◆ **Exercise brief**: All lines from the one containing "I Love Tennis Vintage T-Shirt" to the end of the data below are to be returned exactly, both ends included, with nothing added.

----------

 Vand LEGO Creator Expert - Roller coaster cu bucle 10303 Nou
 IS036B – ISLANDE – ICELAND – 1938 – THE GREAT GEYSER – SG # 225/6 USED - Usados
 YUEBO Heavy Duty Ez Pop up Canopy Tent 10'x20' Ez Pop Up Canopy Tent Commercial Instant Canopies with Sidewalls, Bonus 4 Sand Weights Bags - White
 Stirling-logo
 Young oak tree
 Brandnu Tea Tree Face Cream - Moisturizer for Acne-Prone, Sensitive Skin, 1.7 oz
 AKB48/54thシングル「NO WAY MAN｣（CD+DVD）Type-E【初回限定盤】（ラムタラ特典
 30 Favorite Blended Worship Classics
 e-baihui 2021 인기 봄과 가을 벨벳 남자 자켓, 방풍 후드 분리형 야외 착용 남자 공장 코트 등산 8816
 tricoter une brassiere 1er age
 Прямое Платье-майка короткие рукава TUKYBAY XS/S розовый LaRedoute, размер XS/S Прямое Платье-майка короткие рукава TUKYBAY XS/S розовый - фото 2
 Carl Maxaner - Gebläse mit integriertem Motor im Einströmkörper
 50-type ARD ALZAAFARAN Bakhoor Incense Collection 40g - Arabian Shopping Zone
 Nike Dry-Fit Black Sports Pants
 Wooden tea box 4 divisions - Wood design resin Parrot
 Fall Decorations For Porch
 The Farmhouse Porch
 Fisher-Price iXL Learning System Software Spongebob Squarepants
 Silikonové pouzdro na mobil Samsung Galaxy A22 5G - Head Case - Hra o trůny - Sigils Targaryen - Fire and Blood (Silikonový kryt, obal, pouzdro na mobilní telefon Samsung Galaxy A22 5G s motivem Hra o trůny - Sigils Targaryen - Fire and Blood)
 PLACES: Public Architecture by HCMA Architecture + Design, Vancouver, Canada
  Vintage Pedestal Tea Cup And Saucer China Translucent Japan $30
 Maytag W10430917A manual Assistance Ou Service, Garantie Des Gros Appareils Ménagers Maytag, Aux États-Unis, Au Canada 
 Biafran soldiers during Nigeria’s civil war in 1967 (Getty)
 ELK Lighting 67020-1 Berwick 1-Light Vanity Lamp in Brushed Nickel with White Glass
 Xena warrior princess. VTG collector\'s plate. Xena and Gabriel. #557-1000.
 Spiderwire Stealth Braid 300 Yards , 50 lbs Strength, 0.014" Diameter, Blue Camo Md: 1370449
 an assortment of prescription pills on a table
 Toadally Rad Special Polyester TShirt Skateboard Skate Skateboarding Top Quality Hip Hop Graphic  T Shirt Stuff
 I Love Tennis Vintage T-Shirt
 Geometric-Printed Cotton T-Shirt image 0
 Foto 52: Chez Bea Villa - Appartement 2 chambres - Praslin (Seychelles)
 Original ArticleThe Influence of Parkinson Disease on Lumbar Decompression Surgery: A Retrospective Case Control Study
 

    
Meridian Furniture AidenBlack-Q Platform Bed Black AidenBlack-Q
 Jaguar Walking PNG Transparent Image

----------

◆ **Answer for this exercise**:
 I Love Tennis Vintage T-Shirt
 Geometric-Printed Cotton T-Shirt image 0
 Foto 52: Chez Bea Villa - Appartement 2 chambres - Praslin (Seychelles)
 Original ArticleThe Influence of Parkinson Disease on Lumbar Decompression Surgery: A Retrospective Case Control Study
 

    
Meridian Furniture AidenBlack-Q Platform Bed Black AidenBlack-Q
 Jaguar Walking PNG Transparent Image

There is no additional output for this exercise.